Imagine I might have been out anywhere to observe people and imagine their lives… I made it out of the house briefly three times last month, an increase on previous months. I could try and think back to one of those, who do I remember seeing on my way to, from or during my visit to the nearest shop. Or I could just make it up from a collage of memory fragments and then imagine. Maybe I should just imagine myself getting a life…
Or maybe save it for an excercise another day. Perhaps one morning or afternoon I could spend a few minutes or more on my front garden observing who happens to walk past and imagining their lives. Or I could imagine the life of my postman. Or I could avoid writing to this prompt altogether.
It’s getting late, today’s not been a good day for energy. Not that any are but I managed a fair bit of writing this week – if you call things like a few short blog posts, one 1500word rant and a 500 word story ‘a fair bit of writing’.
I thought I was managing to pace myself well lately but today I was so wiped out. Blogging’s been my main exertion this week and so the main source of my exhaustion – other than perhaps the impact of stress for an unexpected correspondence of debt recovery for an issue I’d believed to have been settled and then another piece of stressful news also affecting my income.
It’s really difficult managing energy and activity levels when you think you’ll be ok but it hits you like a brick to the head a day or two after effort, or ongoing efforts build up and accumulate and swallow you whole when you least expect it. Especially when those efforts are such small things.
I’m a bit fed up that summer’s passed so quickly and I’ve not had the health improvements I’d hoped for while the weather’s been warmer. I was only actually warm for about a month, once the temperature reached twenty-six degrees I was warm enough. I’m already starting to feel really cold again and not looking forward to having to wear a hat indoors again within a few weeks.
Writing 101 starts Monday. I’m looking forward to it but will have to be quite strict on myself regarding reading and feedback time because it is so draining , especially when it is every day assignments.

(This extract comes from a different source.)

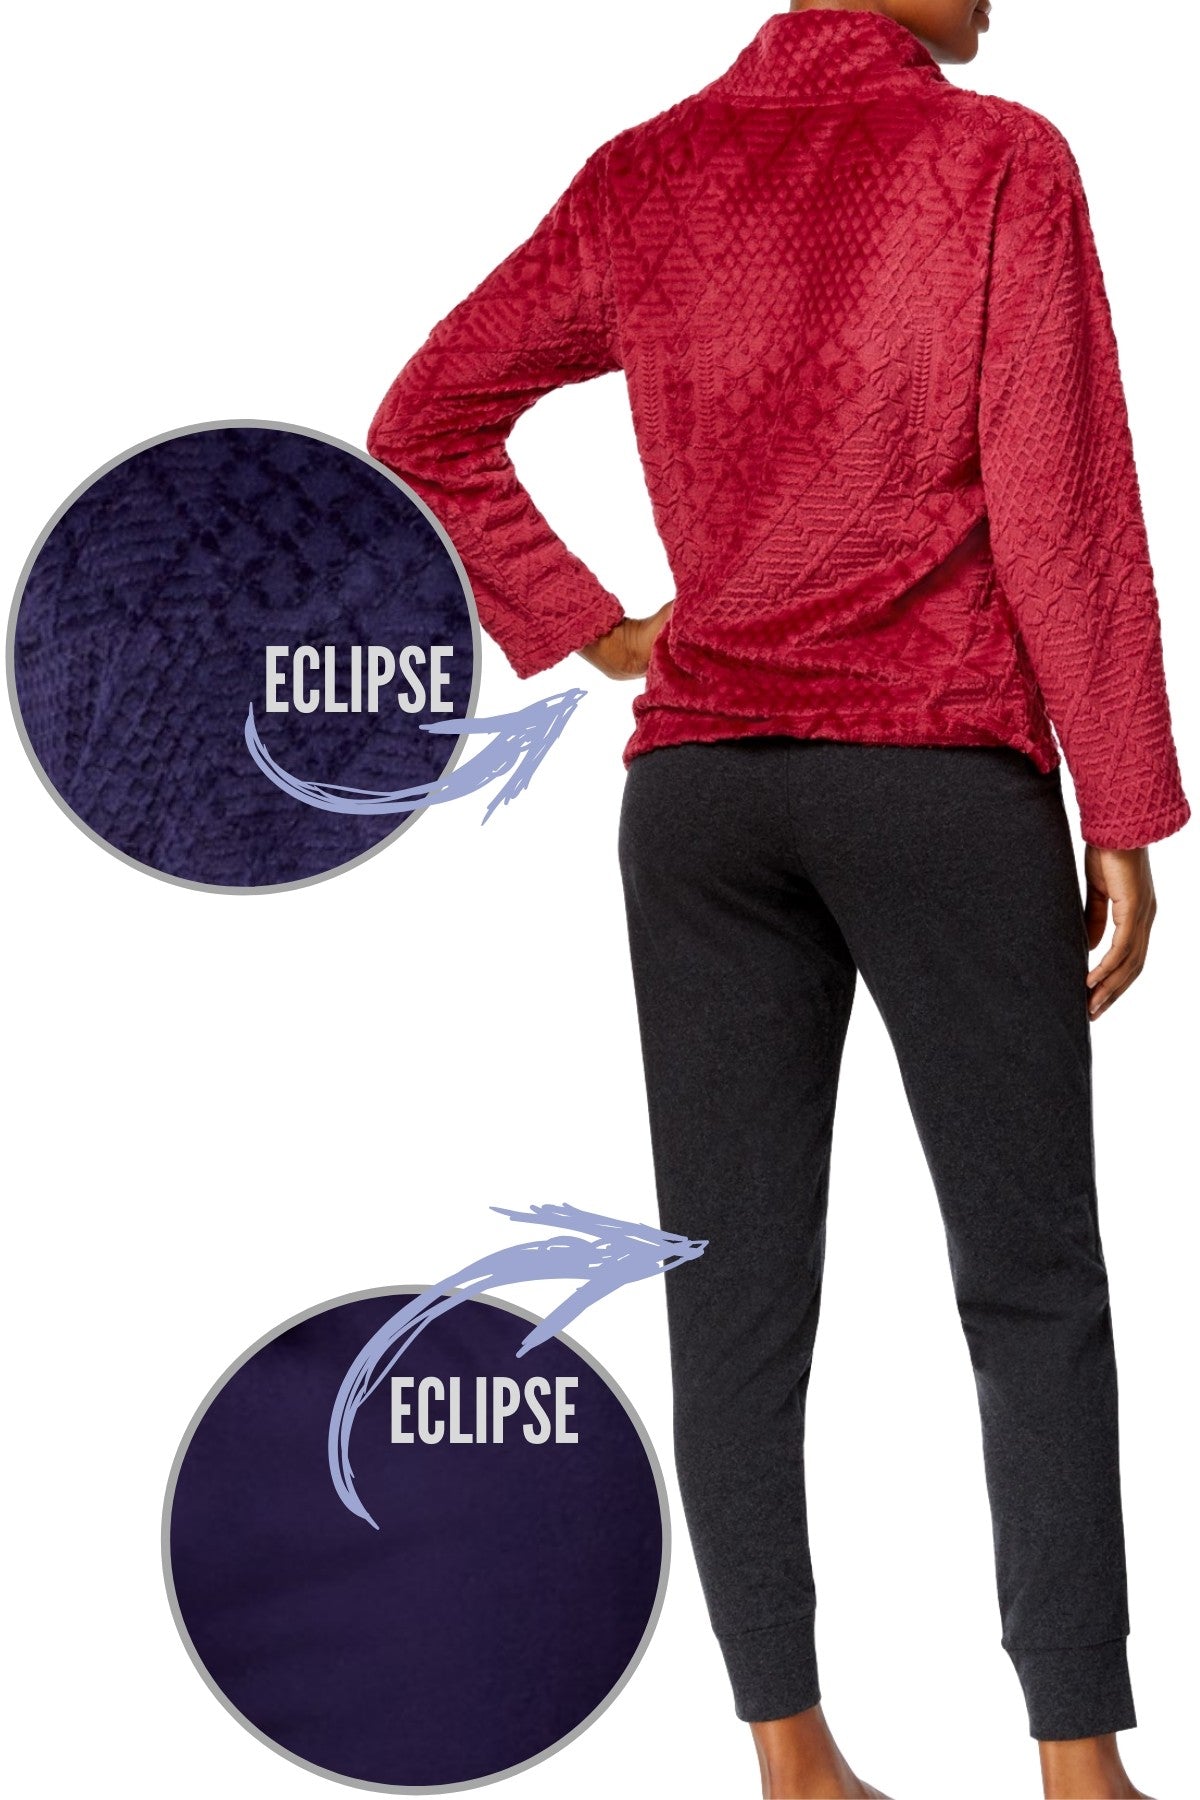 Nautica Eclipse Plush/Textured Lounge Top and Jogger Pant Set
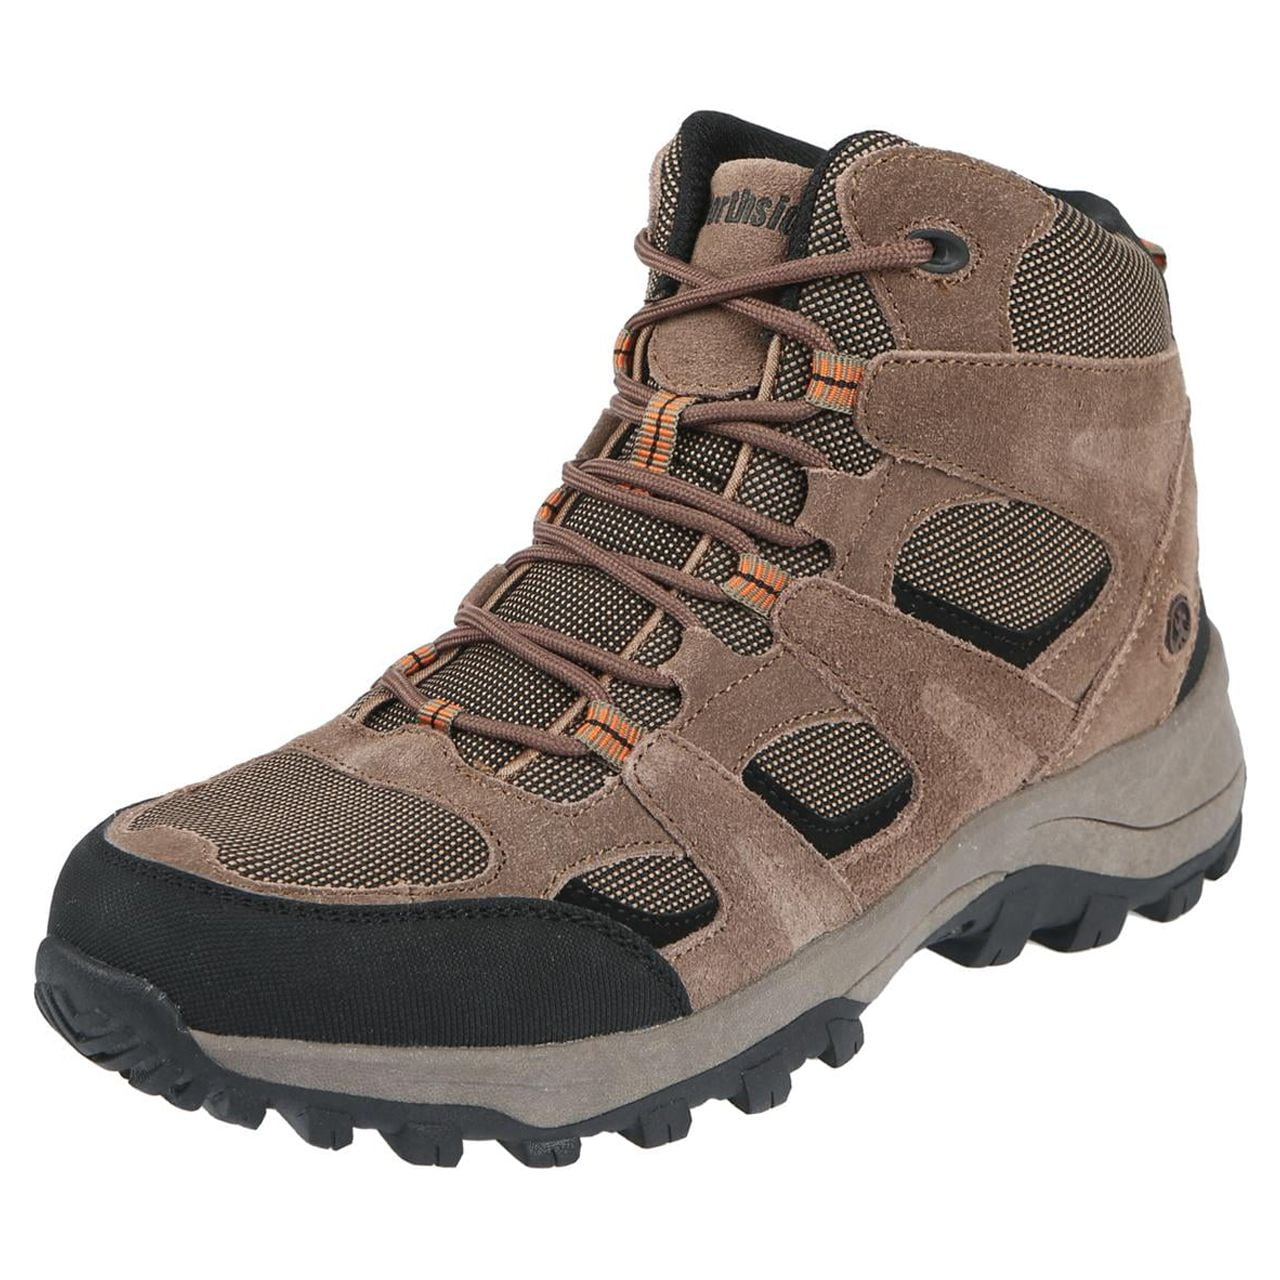 Northside Men's Monroe Mid Leather Hiking Boot - Walmart.com

I signed up for the Coursera Modern Poetry MOOC weeks ago and just realised that starts later this week too. I don’t expect I’ll manage to do that much learning time or manage the intensity of discussion and critique. I think it suggested it would take at least five hours of study time a week – for me that five hours might actually take fifteen. I might just try and follow the course minimally, loosely and leisurely rather than abandon any hope. I’ll have to see how it works and if that’s viable. Ten weeks is also pushing my sustainability limitations. If it’s like the last online courses I enrolled to I’ll get no further than the first week to find I really don’t have the cognitive energy to watch video lectures or do the required coursework. (I didn’t count blogging101 in that statement, as it’s not a course in quite the same way, nor is writing101 – they’re challenging enough and good learning opportunities and practise experiences but in an accessible, non-academic way, which is great.)
So, I haven’t yet made a blogging schedule or editorial calendar as per blogging101 task suggestions because with doing this writing365 thing i seem to have set myself to do each day, with the Sandbox writing challenge and the creativity carnival, I kind of have a flexible schedule to meet in a non-pressured way and writing101 will extend that. So no need really for a schedule until about four to six weeks by which time I’ll have a range of baseline activity info to use to plan what is a sustainable level and set realsitic goals. I might not take another wordpress course unless poetry comes up next or until it does, depends what’s on offer really. Anyway, I’m talking to myself again and I really should stop.